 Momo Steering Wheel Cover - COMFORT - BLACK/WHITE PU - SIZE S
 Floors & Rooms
--
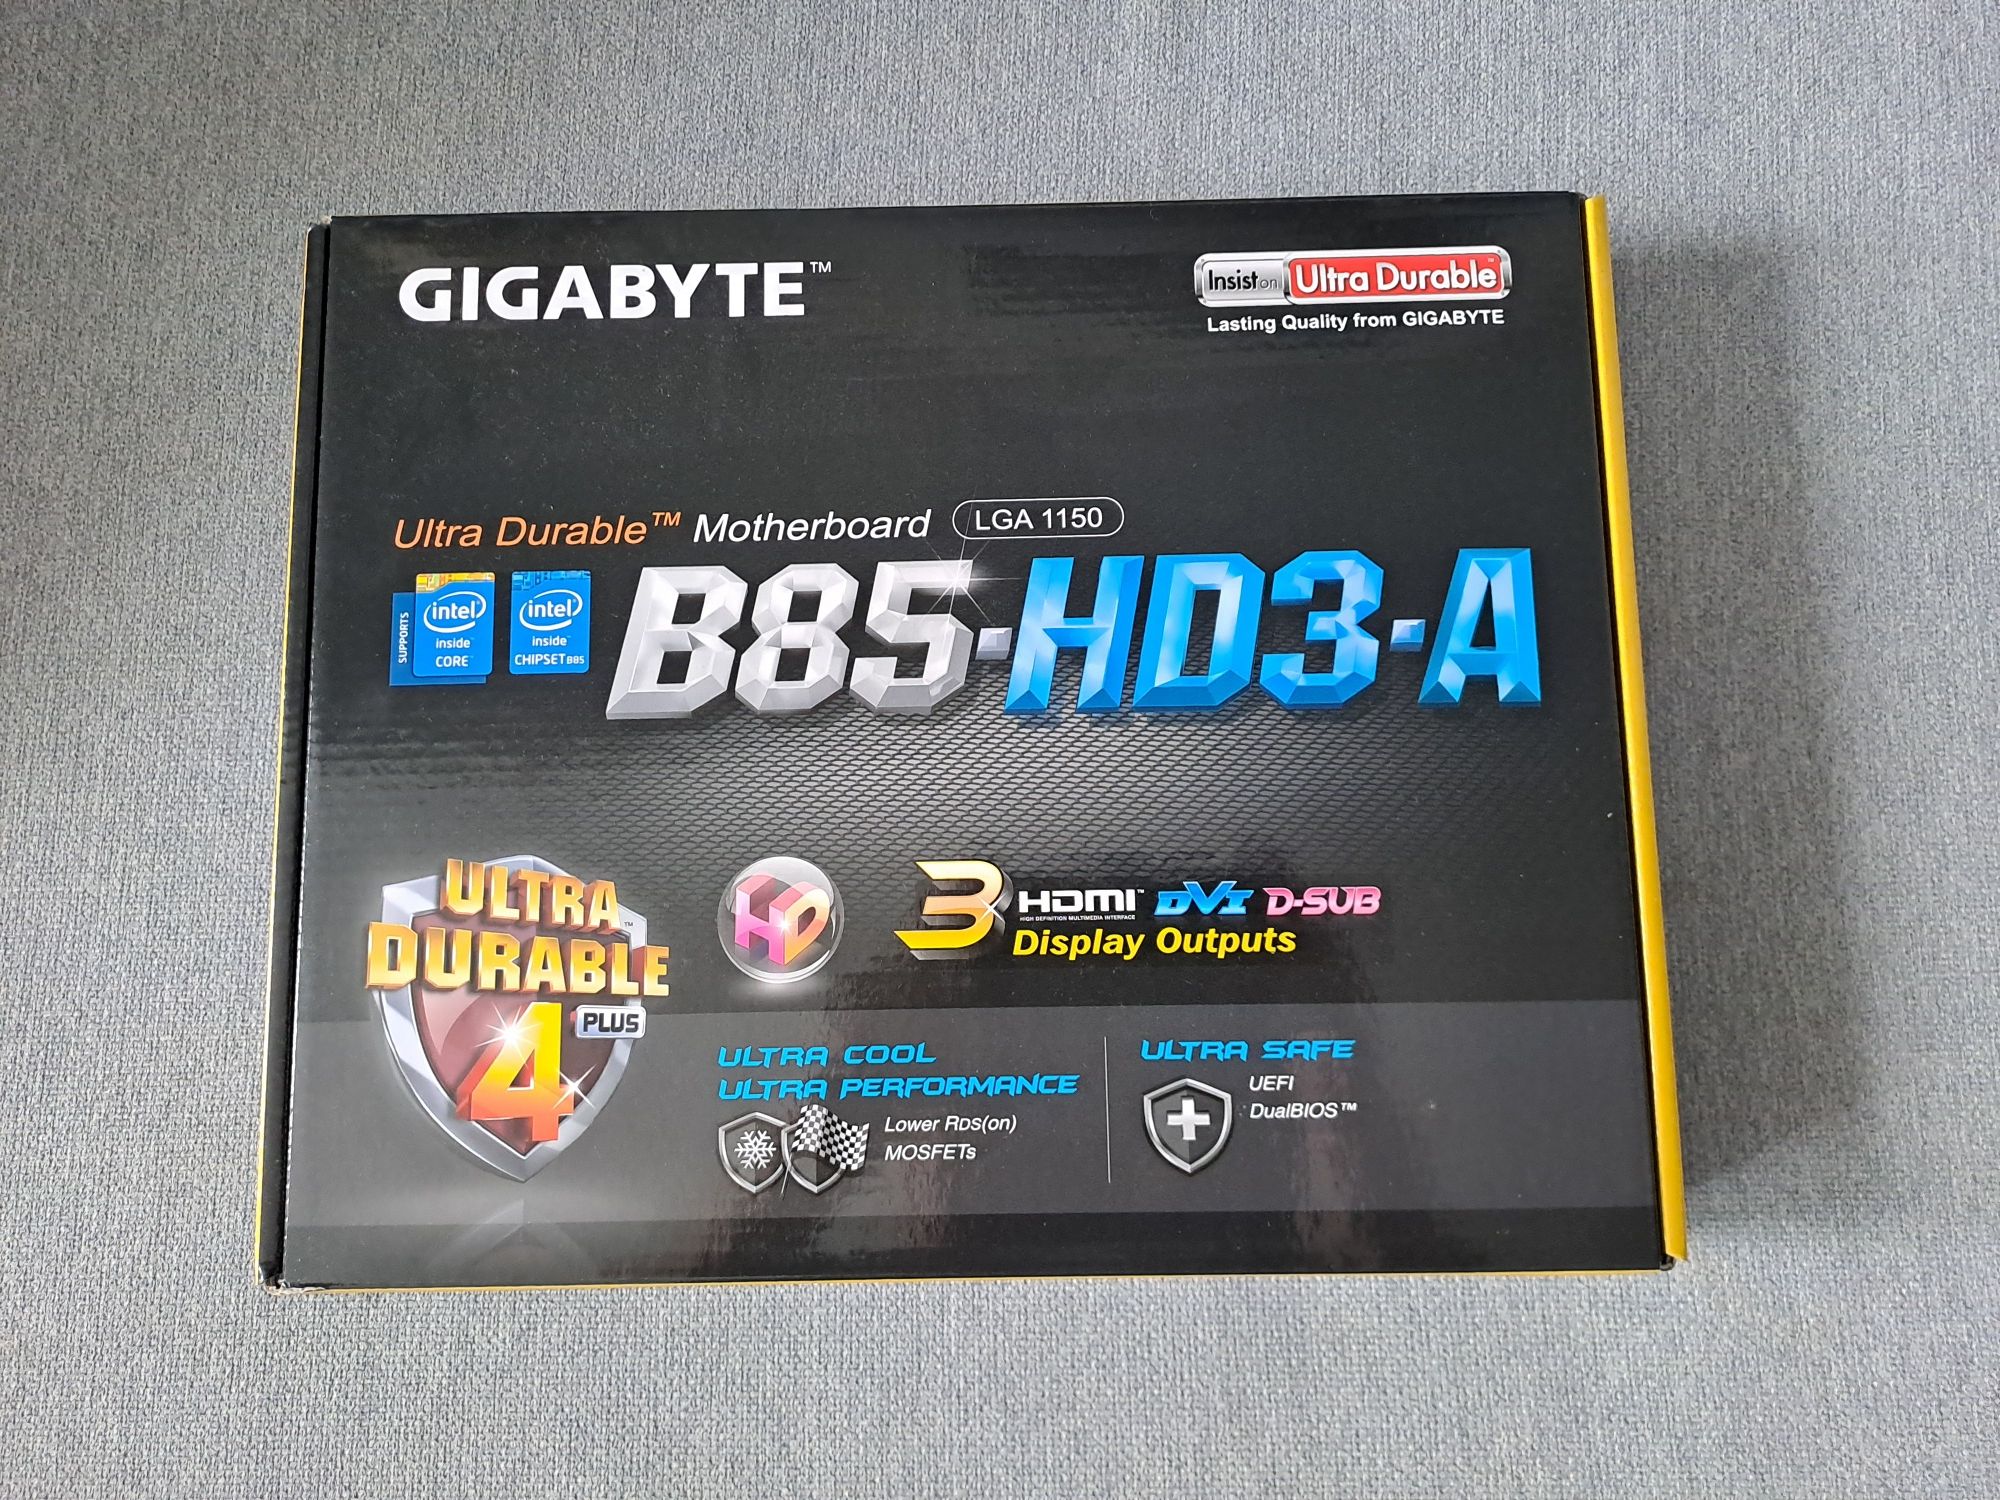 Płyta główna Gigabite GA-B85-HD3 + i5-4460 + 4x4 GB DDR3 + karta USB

**Exercise prompt**. Print exactly the lines above, between the one holding "Momo Steering Wheel" and the one holding "Floors & Rooms", inclusive, and nothing besides.

**Solution for this problem**.
 Momo Steering Wheel Cover - COMFORT - BLACK/WHITE PU - SIZE S
 Floors & Rooms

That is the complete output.